Fri, Mar 22, 2002 - Page 1 News List

TSU says Lee has nothing to hide

SECRET FUNDS Refusing to comment publicly, Lee Teng-hui told TSU confidants that the national security funds he ordered set up were for Taiwan's welfare, not his own

By Lin Mei-chun  /  STAFF REPORTER

TSU legislator Lo Chih-ming, left, yesterday said that former president Lee Teng-hui in a meeting with TSU party Chairman Huang Chu-wen emphasized that the funds in the secret accounts at the National Security Bureau had been used to protect national security.


Former president Lee Teng-hui (李登輝) said he felt no qualms about allegations concerning secret accounts that he had set up at the National Security Bureau (NSB), because he was trying to maintain Taiwan's international status, according to TSU lawmakers.

Meanwhile, the PFP and the TSU traded accusations in the wake of the disclosure as the TSU claimed PFP Chairman James Soong (宋楚瑜) was the mastermind behind the revelation.

PFP lawmakers, however, dubbed the allegation as "illogical and unprofessional."

Declining to comment in public, Lee spoke with TSU Chairman Huang Chu-wen (黃主文) Wednesday after reports in the China Times and Next magazine accused him of illegally using national funds.

"In the face of China's oppression, it is impossible to promote Taiwan's diplomacy in a practical way without the use of secret accounts," Lee was quoted as saying.

"All of the money in the slush fund was used for the country's benefit. I never put one cent into my own pocket. The media should not equate the secret accounts with my personal funds."

The reports cited information believed to have been provided by the NSB's former chief cashier, Colonel Liu Kuan-chun (劉冠軍), who is wanted by authorities for allegedly embezzling NT$192 million.

They claimed that two secret accounts, holding a combined value of NT$3.5 billion, were not subject to legislative monitoring and had in essence become Lee's "private stash" during his presidency.

Lee used the funds to strengthen Taiwan's diplomatic ties, engage in "under-the-table" research on international affairs and send presents to his subordinates, the reports said.

In 1994, the former president agreed to donate US$11 million to South Africa's heavily indebted African National Congress to sustain Taipei-Pretoria ties, according to the reports.

TSU lawmakers yesterday continued to go to bat for Lee, whom they consider their spiritual leader. They said that Soong had manipulated the entire incident to take revenge on Lee, and called on the PFP chairman to stop destabilizing Taiwan's politics.

Once Lee's closest aide, Soong and the former president parted ways after Lee backed Lien Chan (連戰) to run on his ticket in the 2000 presidential election. In addition, it is widely believed that Soong is convinced that Lee was responsible for implicating him in the Chung Hsing Bills Finance Case (興票案).

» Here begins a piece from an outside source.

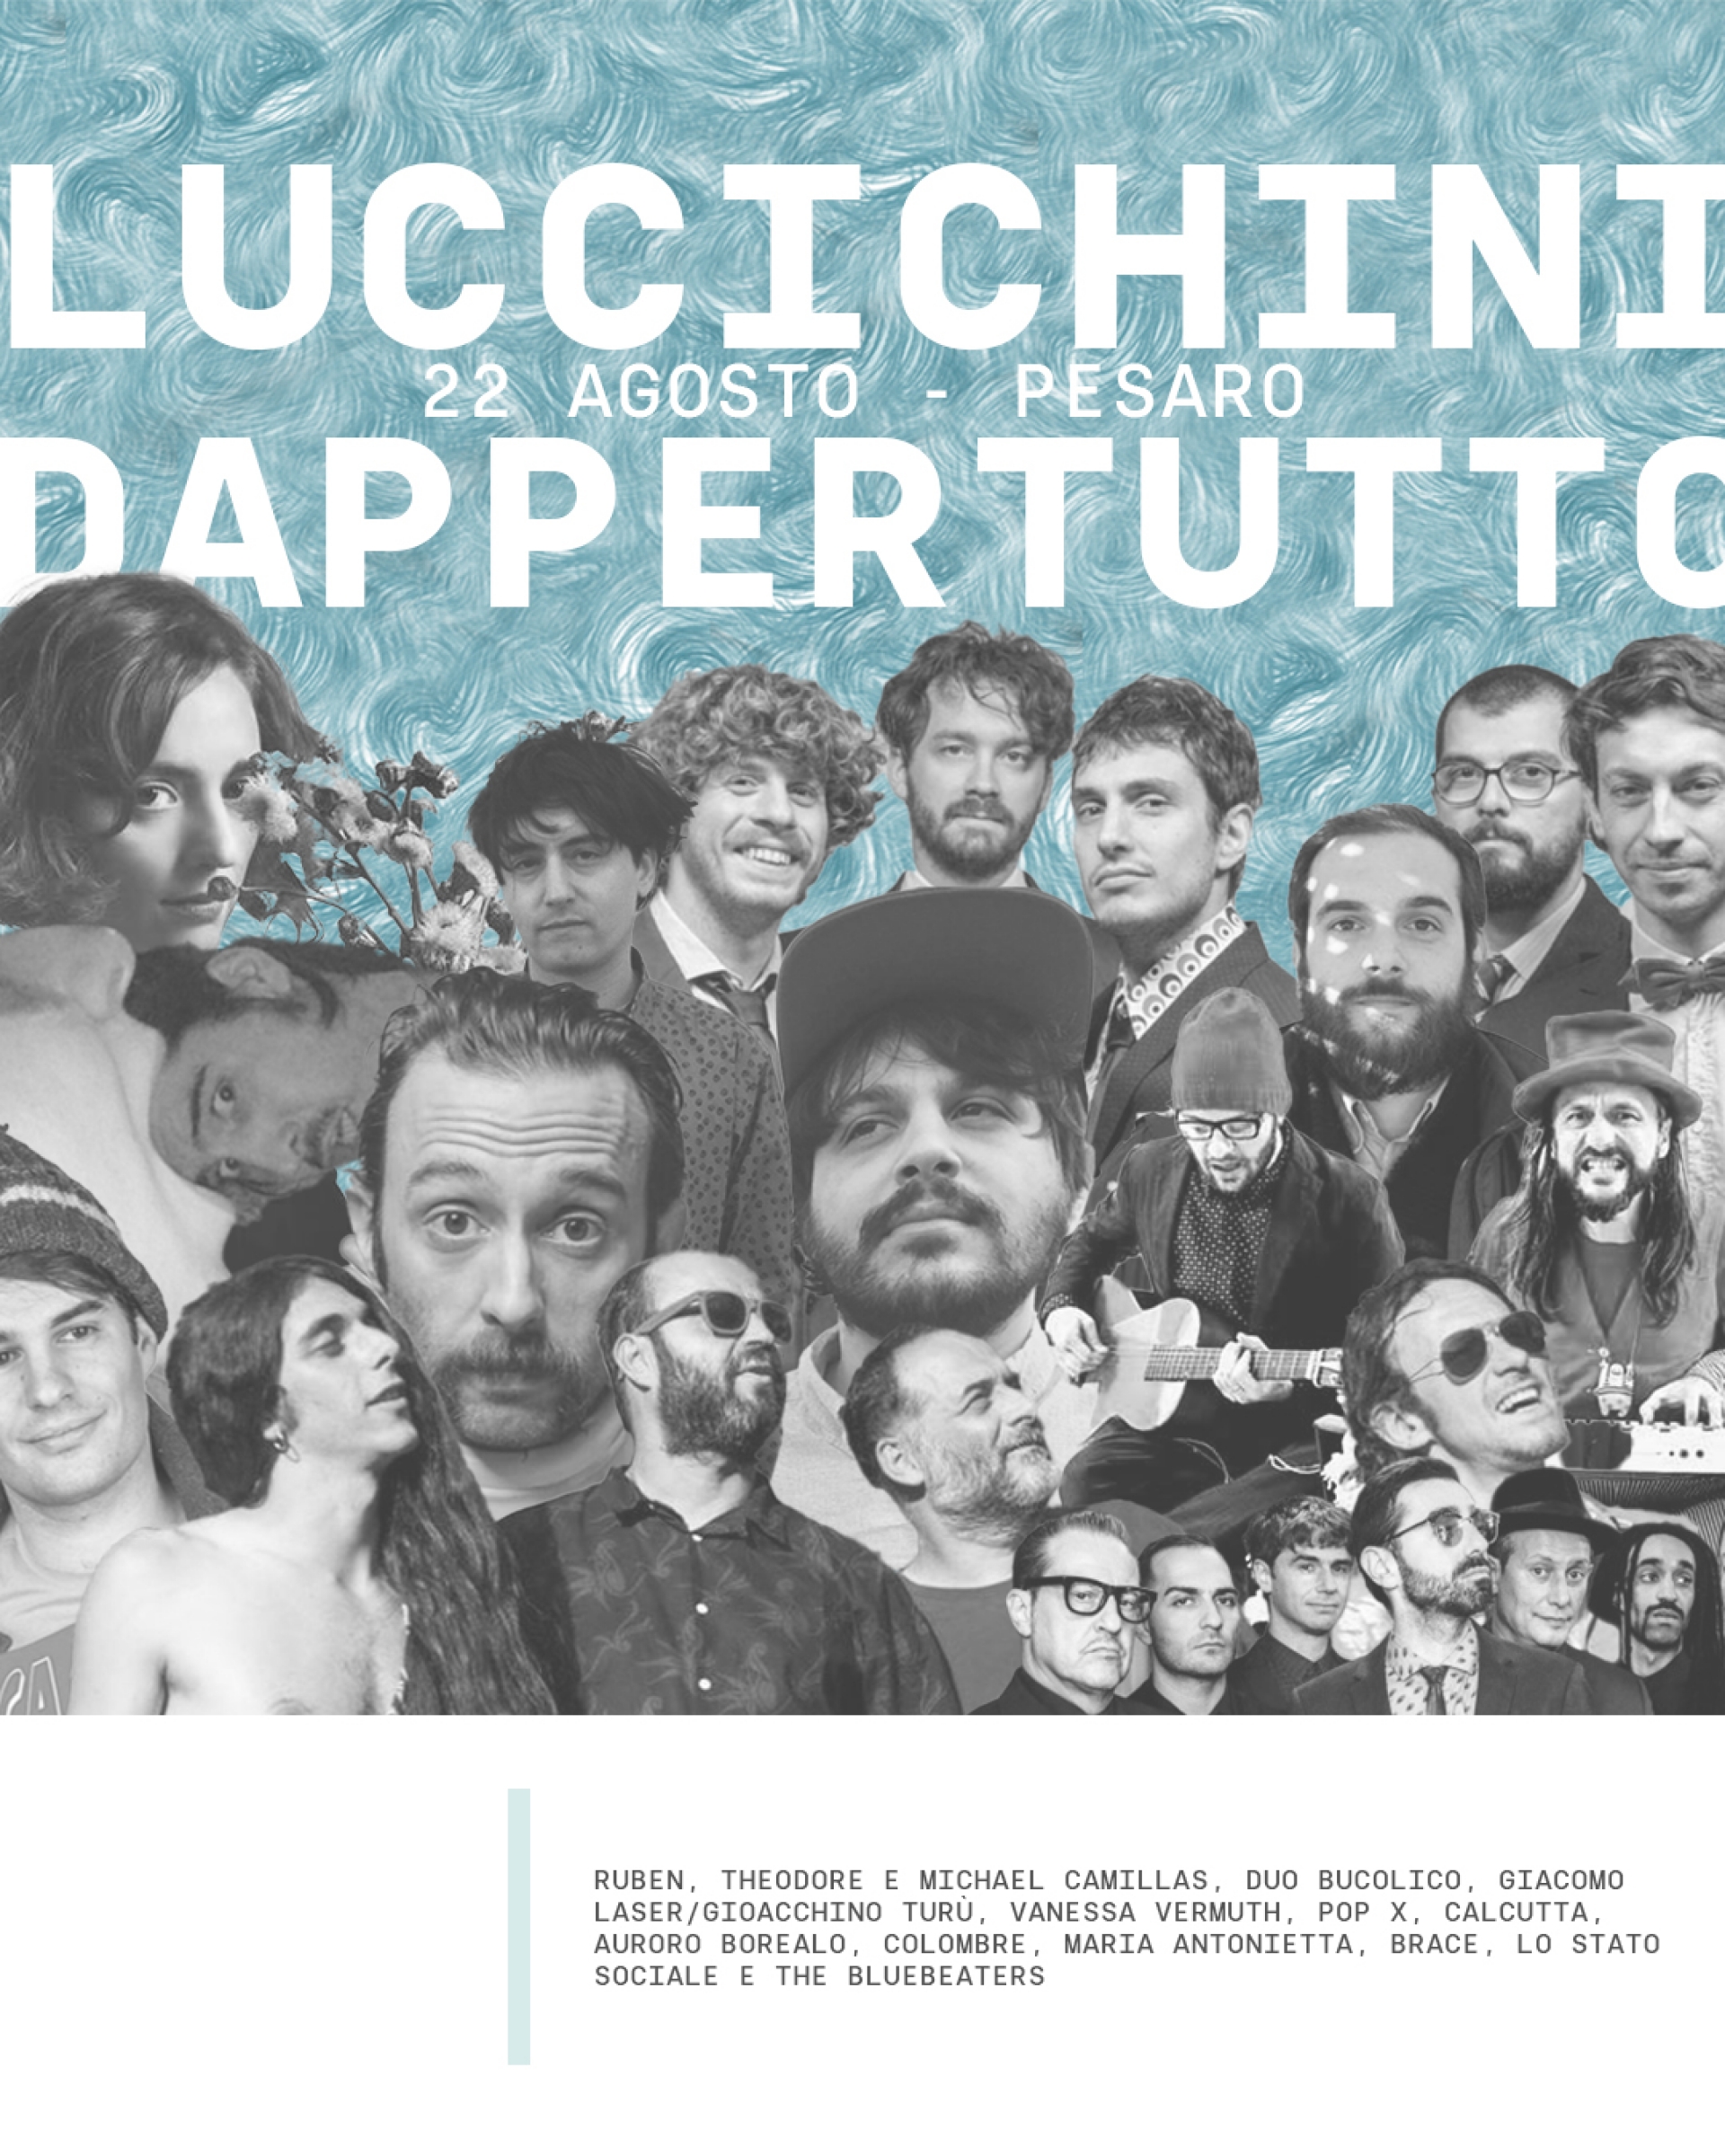 Il concerto Luccichini dappertutto in diretta streaming

Hsu Den-koun (許登宮), the TSU's legislative whip, said that rumor has it that Soong had been in touch with the fugitive Liu during a recent trip to the US.

While the China Times and Next magazine have admitted to receiving copies of the secret documents, local media reports said PFP lawmakers were also in possession of the secret information.

TSU lawmakers demanded the PFP explain how they obtained the information and name its source.

They said what the media and the PFP have done is to undermine Taiwan's diplomatic ties with other countries and put the lives of intelligence agents at risk.

PFP legislative Diane Lee (李慶安) said the allegations were "ungrounded and unprofessional," and urged the TSU not to make attacks just to "protect their mentor."

PFP lawmakers said that it is the TSU's usual practice to put all the blame on Soong whenever Lee runs into trouble.